Abstract

Normally, the buck-boost converter adopts single or double closed-loop control, and there are differences in control and parameters for different working modes and loads. In this study, a unified control method, the passivity-based control (PBC), is applied to a buck-boost converter for different loads, including constant resistance load (CRL), constant power load (CPL), and battery load. The PBC is a nonlinear control based on energy dissipation principle, and it has strong robustness to parameter interference and external disturbance, and it also has the advantages of simple design and simple implementation. Although many research studies have been conducted before, the voltage and current-related power losses are considered, and different load models are also compared in this research. The detailed mathematical model, control principle, and controller design of the buck-boost converter are thoroughly analysed. In addition, SIMULINK-based simulation results and experimental verification results of different loads are also given in the paper.
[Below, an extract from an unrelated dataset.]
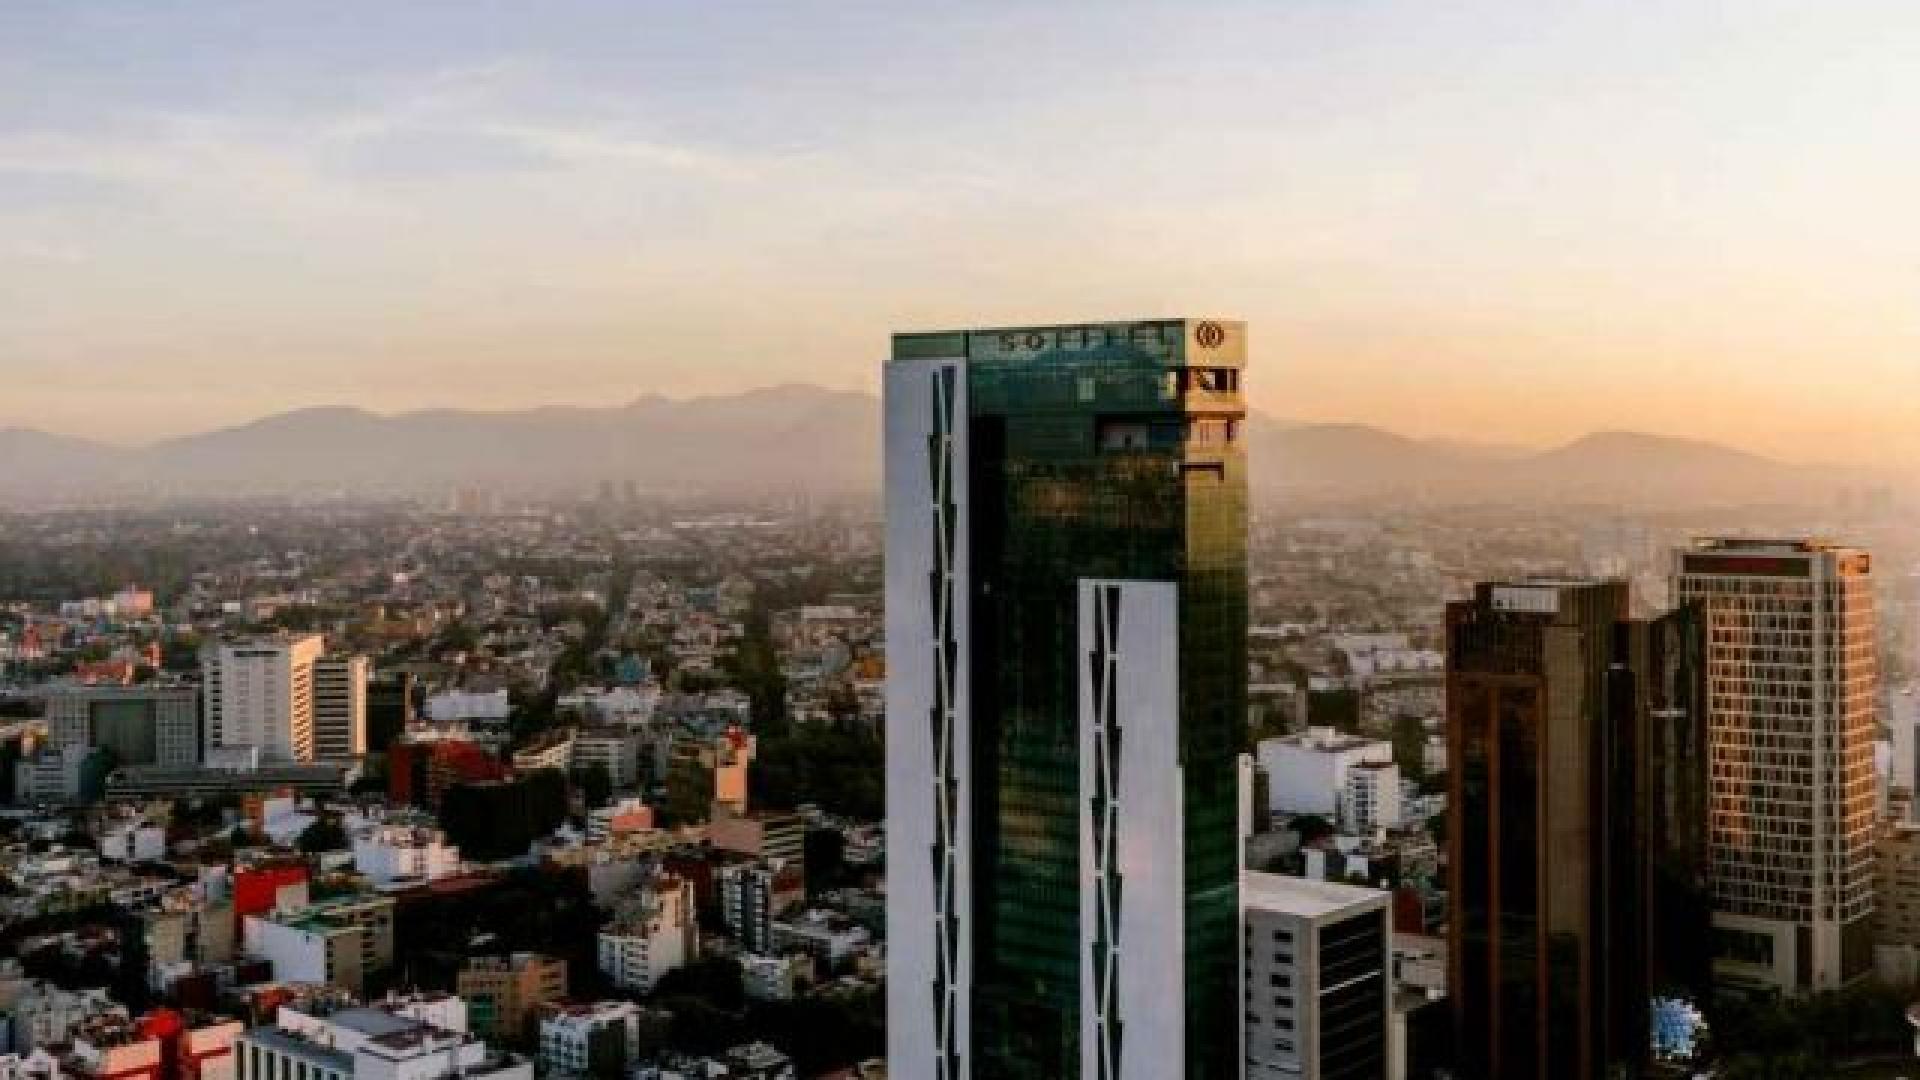 Sofitel Mexico City Reforma, hospitalidad con sello francés

Also, the PBC has smaller current overshot and smaller current ripples compared with PI control in different loads condition.

1. Introduction

A DC microgrid is usually composed of photovoltaic (PV) generator, battery energy storage system (BESS) and DC loads, and a PV generator; a BESS or a DC load requires either a higher or lower output voltage. To achieve a lower output voltage, a buck converter is used, and a boost converter is used when a higher output voltage is required. A buck-boost converter is used when a higher or lower DC output voltage is required at different times [1].

A buck-boost converter is either buck (lower) or boost (higher) converter, and it can transfer electrical energy bidirectionally. It has the advantages of simpler structure, lower cost, and higher reliability, and it is usually used to control the charging and discharging process in BESS, and a BESS converter is used to serve battery load [2].

Besides, when a PV converter is tightly regulated to stabilize the DC bus voltage, the DC bus will have a one-to-one voltage-current characteristic, and a PV converter is loaded with constant power load (CPL) [3]. Also, when a DC load has a constant resistance value, the DC load converter loads constant resistance load (CRL). In sum, the load of buck-boost converter may be battery load, CPL load, or CRL load, and different loads reveal different characteristics, so it is necessary to conduct the research of buck-boost converter in different loads condition.

The proportional integral differential control (PID) is most widely used in buck-boost converter to realize single closed-loop or double closed-loop control. It has the advantages of simple principle, easy implementation, and independence of system model [4, 5]. However, the buck-boost converter is a nonlinear time-varying system, and a PID cannot achieve the desired control effect, especially when the power source or load changes suddenly in a large range, and it even makes the converter unstable [6, 7].

To improve buck-boost converter’s stability, some nonlinear controllers are developed and applied to the converter. In 1983, the sliding mode variable structure control (SMVS) was first applied to DC/DC converter by Sabanovic et al. [8, 9]. After this, many improvements have been made to improve the converter’s performance, such as elimination of variable switching frequency’s influence, improvement of anti-interference capability, and reducing the natural buffeting. Despite all these improvements, SMVS has to determinate speed, inertia, acceleration, and switching surface parameters, and it is complex to implement online real-time control with a large amount of computation [10].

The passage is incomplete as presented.